Testing whether a point locates inside a polygon is a time consuming work. Especially when the point number is huge and the boundary of study area is complex.
Here we implement a “Fast Point in Polygon Testing Method” to help users determine whether a point is inside a specific polygon rapidly.
The Quadtree structure is employed to divide a polygon into plenty of lattices. During the dividing, each lattices is marked as in, out or maybe, which means “totally lies inside the polygon”, “totally lies out side the polygon” and “intersect with the boundary if the polygon”.
For each point, we firstly allocate it into a lattice. If the lattice is marked as “in” or “out”, we will immediately know the result; if the lattice is marked as “maybe”, we then need to do some further calculation, which won’t be complex.
Once the quadtree structure is constructed, the “point in polygon testing” will be very fast.

This method is suitable for the situations where point numbers are huge, polygon numbers are small and polygon boundary is complex.
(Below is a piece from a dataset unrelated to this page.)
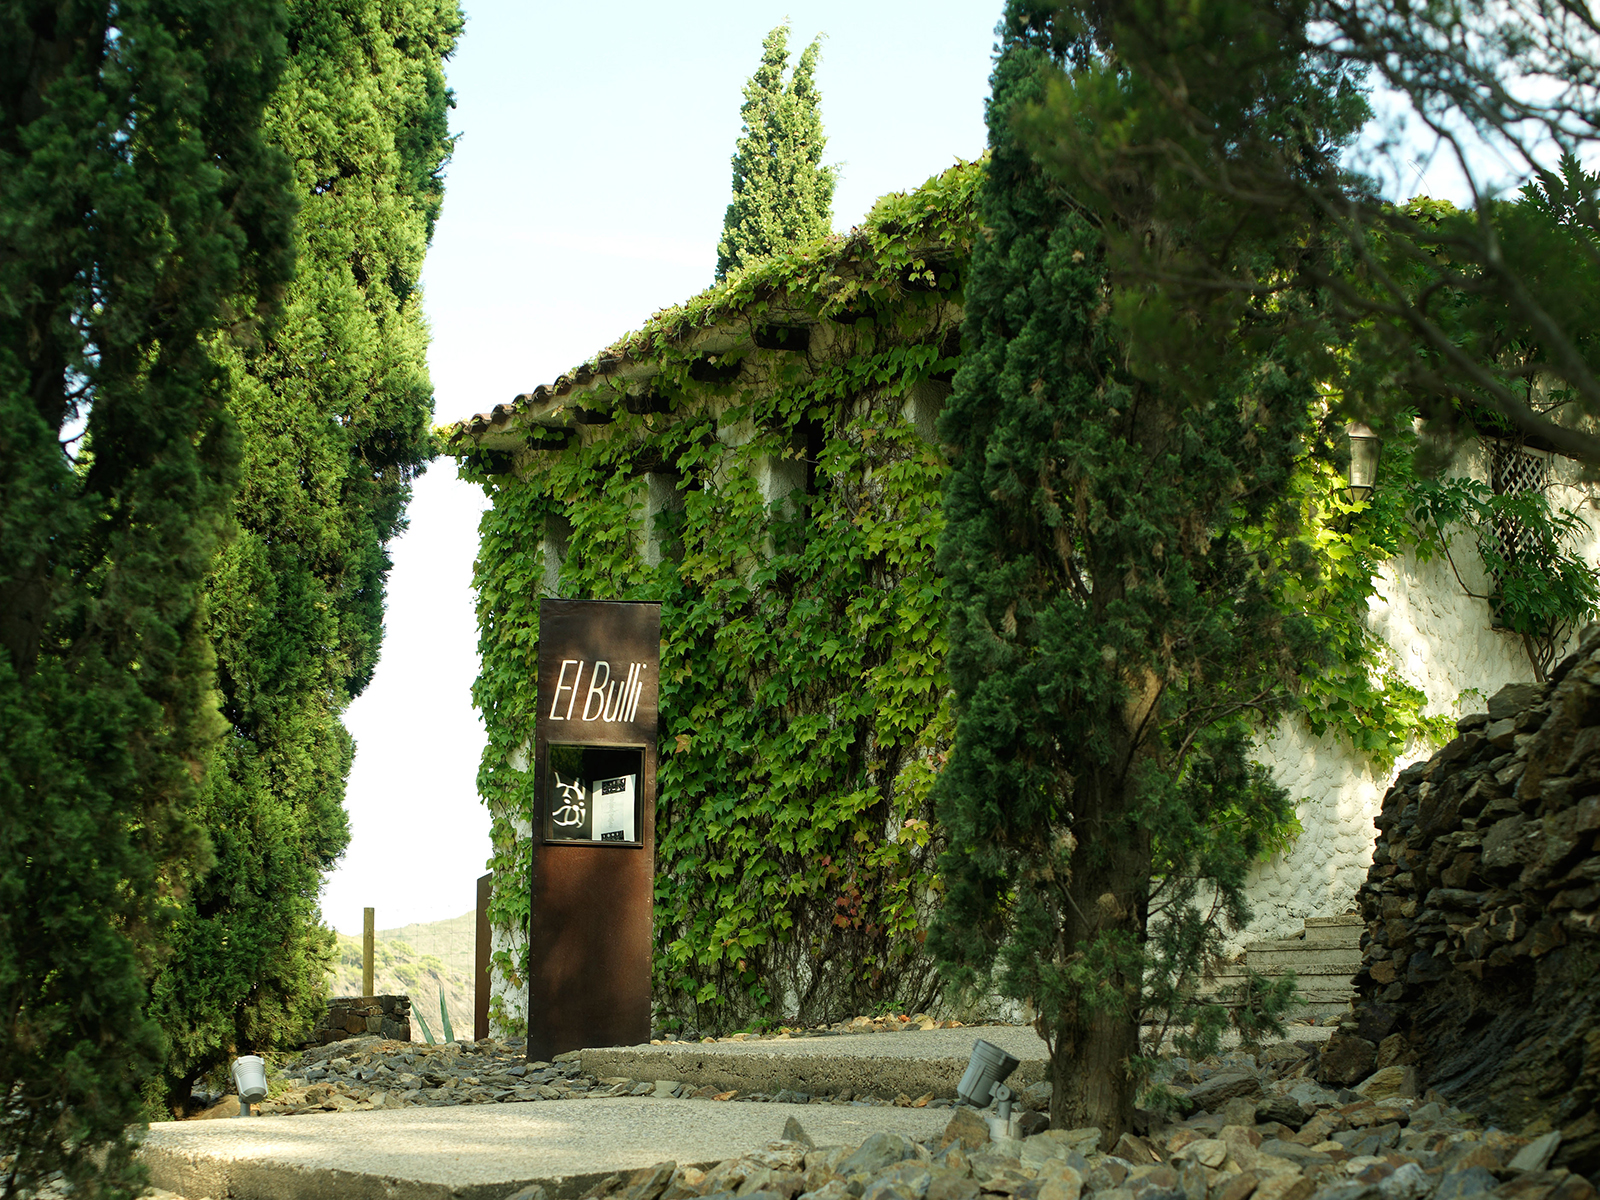 The unobtrusive entrance to El Bulli restaurant in Spain, an ivy-covered building

E.g., simulation in point pattern analysis.

[ ]:
# Import essential libraries for following calculation
import numpy as np

from libpysal.cg.polygonQuadTreeStructure import QuadTreeStructureSingleRing
from libpysal.cg.shapes import Polygon, Ring

%matplotlib inline
# import codecs
# import shapely
# from pysal.cg.shapes import Polygon, Point
# from shapely.geometry import Polygon as spPolygon
# from shapely.geometry import Point as spPoint
# import time
import random
import time

import matplotlib
import matplotlib.pyplot as plt

print("import finished!")
import finished!

How to Use

Data preparing

[ ]:
def get_ring_from_file(path):
    vertices = []
    with open(path) as file:
        for line in file:
            if len(line) < 2:
                continue
            coordinates = line.split(",")
            x = float(coordinates[0])
            y = float(coordinates[1])
            vertices.append((x, y))
    return vertices


# Prepare the polygons for future use.
Texas = Polygon(get_ring_from_file("data/texas_points.txt"))
Pecos = Polygon(get_ring_from_file("data/pecos_points.txt"))
San_Saba = Polygon(get_ring_from_file("data/san_saba_points.txt"))
Texas_with_holes = Polygon(Texas.vertices, [Pecos.vertices, San_Saba.vertices])
[ ]:
# Build the quadtree structure
Texas.build_quad_tree_structure()
print("quad tree build finished")
# create some random point and test if these points locate in the polygon
for _ in range(0, 10):
    x = random.uniform(Texas.bbox[0], Texas.bbox[2])
    y = random.uniform(Texas.bbox[1], Texas.bbox[3])
    print(x, y, Texas.contains_point([x, y]))
quad tree build finished
(-101.88926984960028, 33.54910494748045, True)
(-101.9324657625388, 30.99562838608417, True)
(-96.66509999476706, 31.769415333990857, True)
(-106.04482267119155, 29.30860980945098, False)
(-102.05124458612478, 28.377630545869593, False)
(-95.7952998307517, 33.2606998037955, True)
(-105.3043106118911, 29.64211319980175, False)
(-96.07086614456198, 36.43497839388729, False)
(-93.8102383176018, 35.720624066002756, False)
(-101.27867134062416, 31.762914510273433, True)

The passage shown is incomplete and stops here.